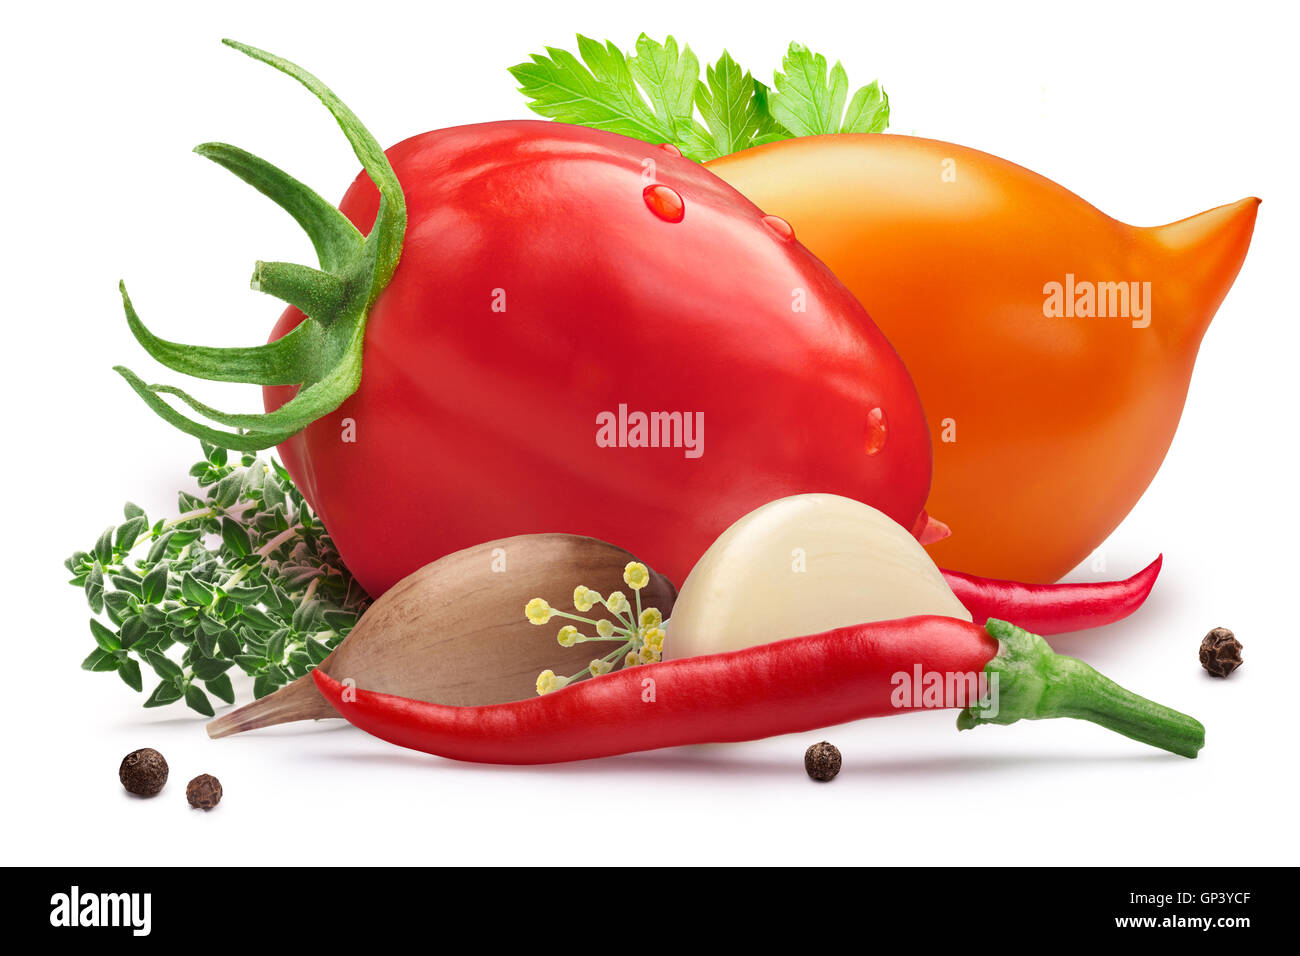 Fresh red and yellow tomatoes for pickling with herbs, chili peppers and garlic. Clipping path, shadow separated. Design element Stock Photo
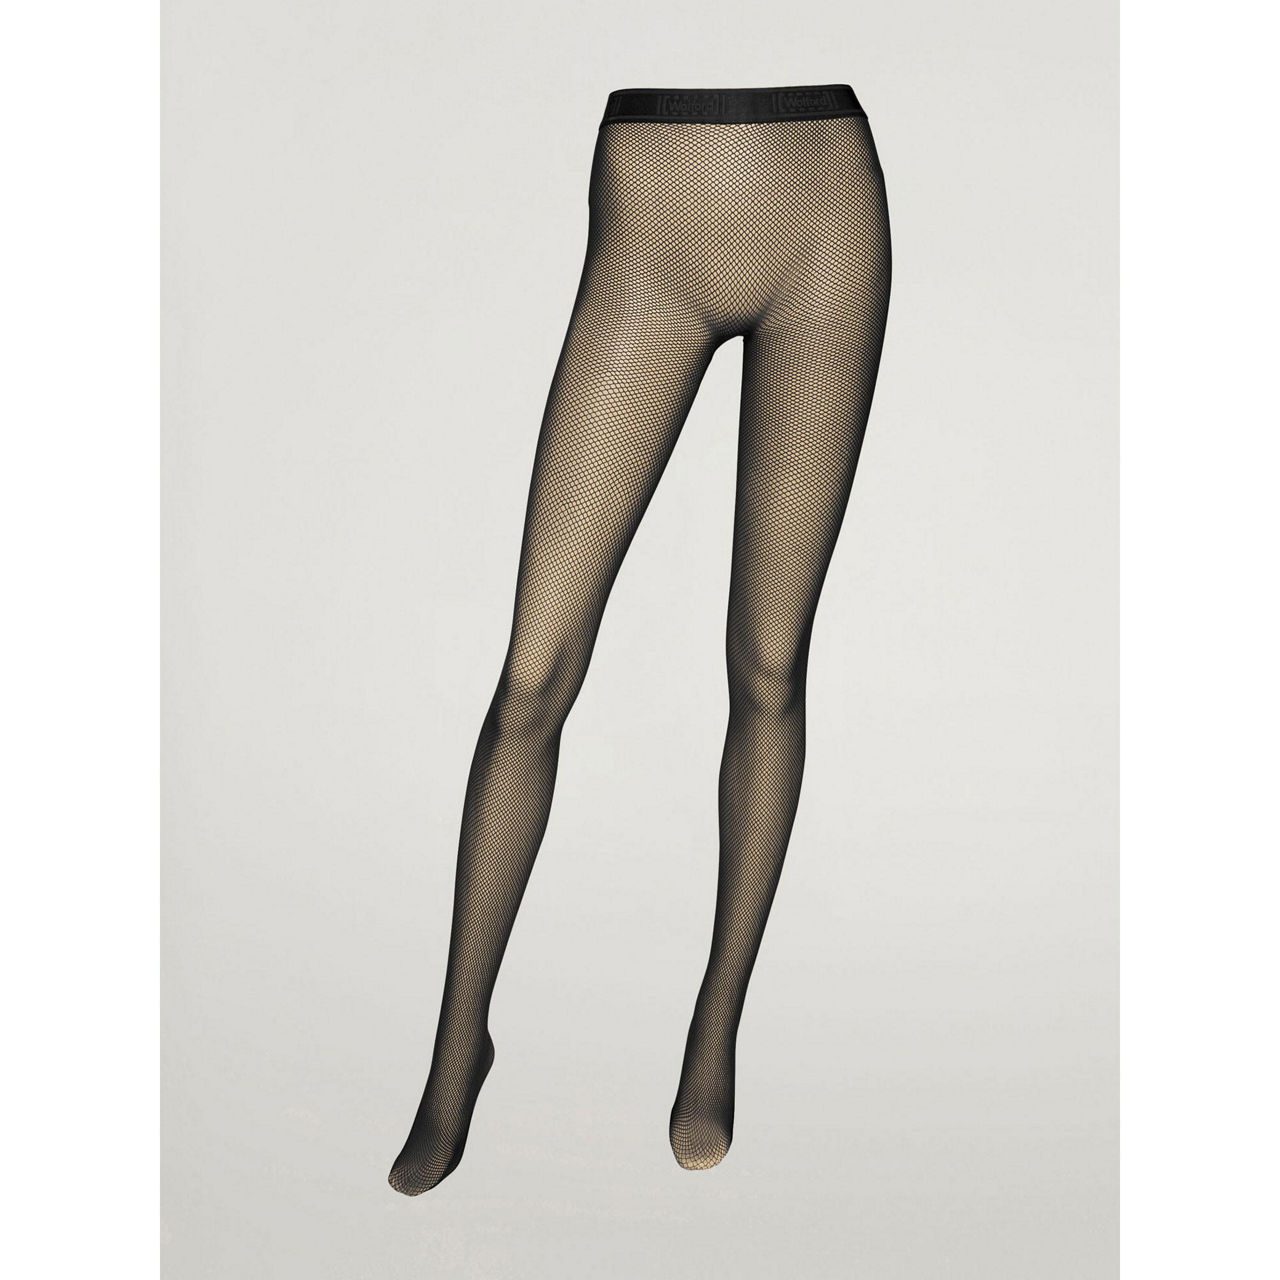 Wolford Velvet de Luxe 66 Tights 3 Pair Pack In Stock At UK Tights
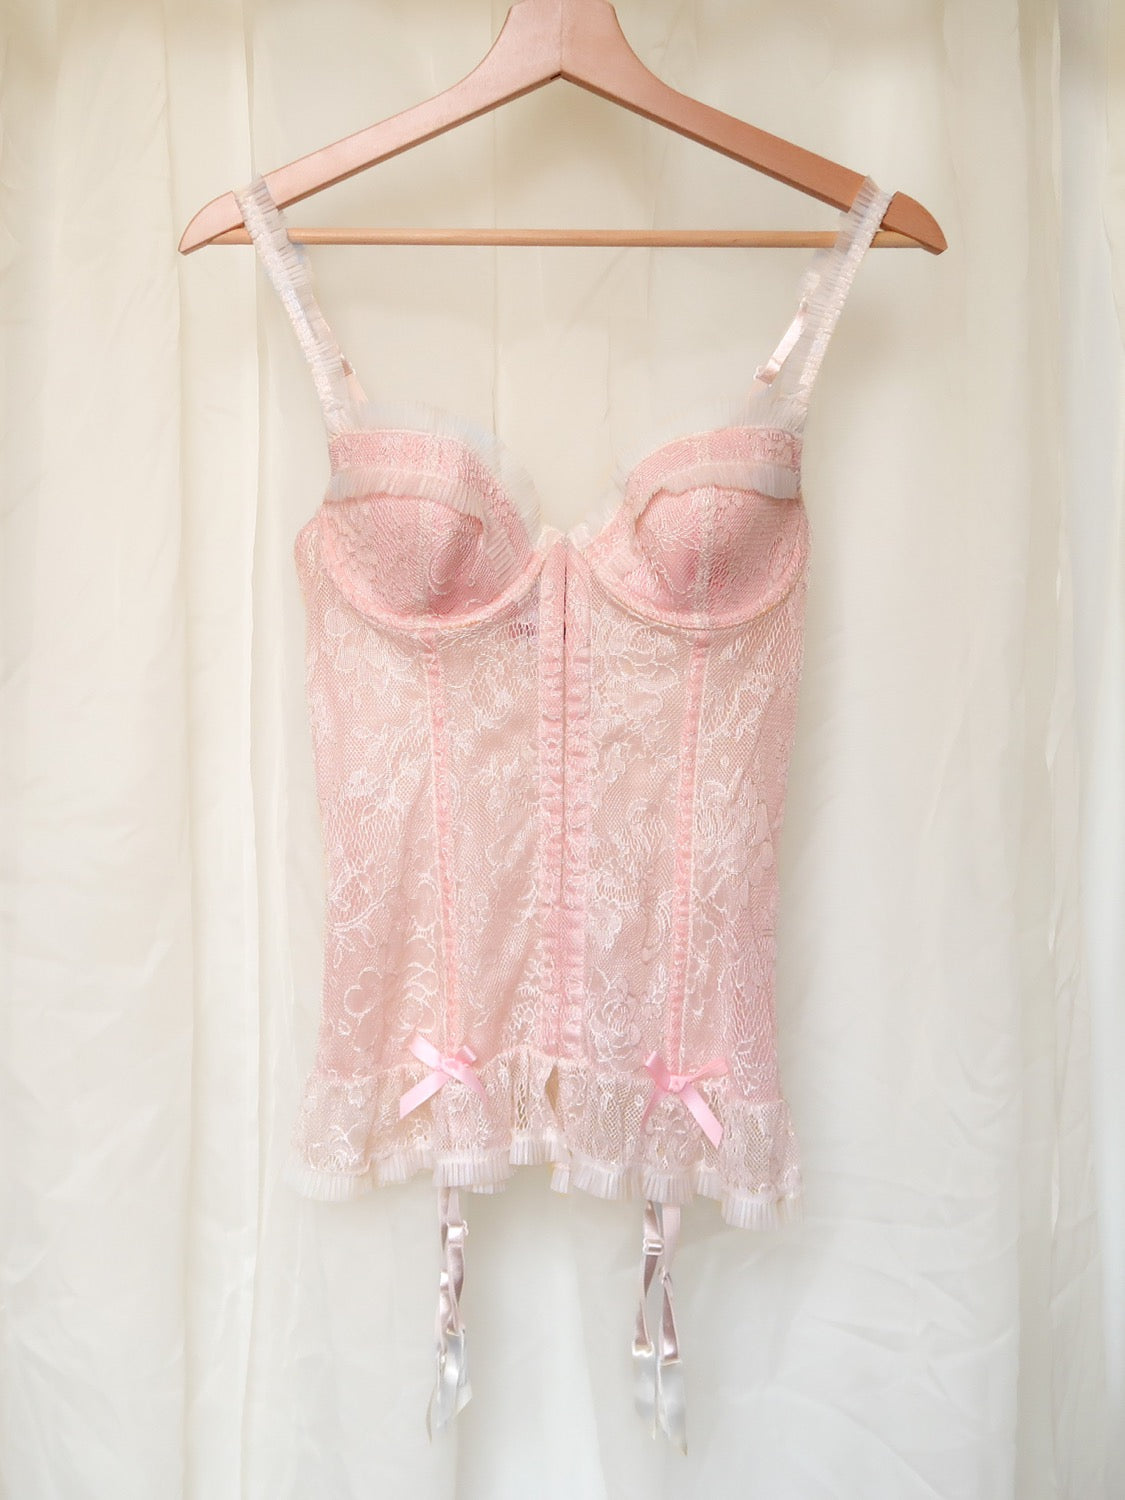 VS '00s BABYDOLL BUSTIER RUFFLED LACE TOP IN PINK - (34C/36B/32D +  36C/34D/38B)
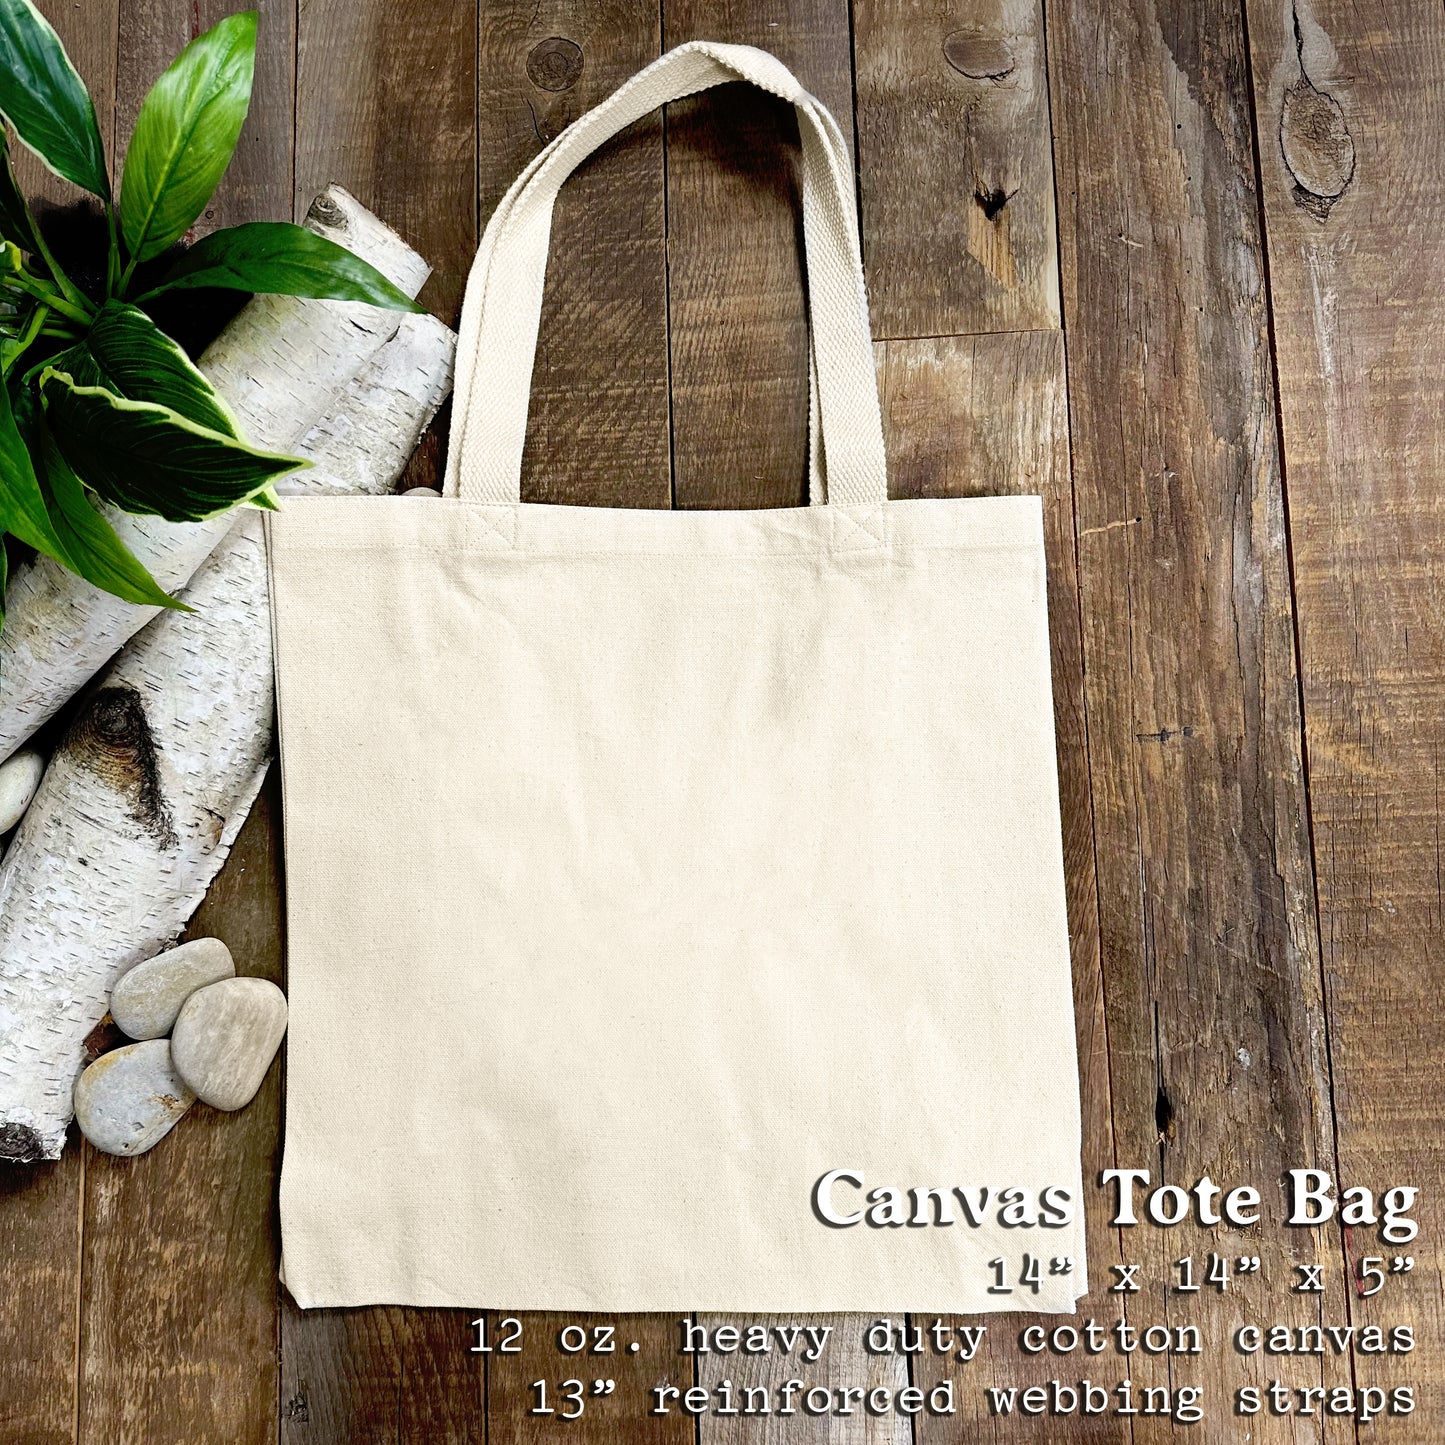 Adventure Awaits w/ City, State - Canvas Tote Bag

━━━━━━

● What needs to be done:
Copy out the material above in full and exactly, but with no pictures.

● Result:
 Fresh red and yellow tomatoes for pickling with herbs, chili peppers and garlic. Clipping path, shadow separated. Design element Stock Photo
 Wolford Velvet de Luxe 66 Tights 3 Pair Pack In Stock At UK Tights
 VS '00s BABYDOLL BUSTIER RUFFLED LACE TOP IN PINK - (34C/36B/32D +  36C/34D/38B)
 Adventure Awaits w/ City, State - Canvas Tote Bag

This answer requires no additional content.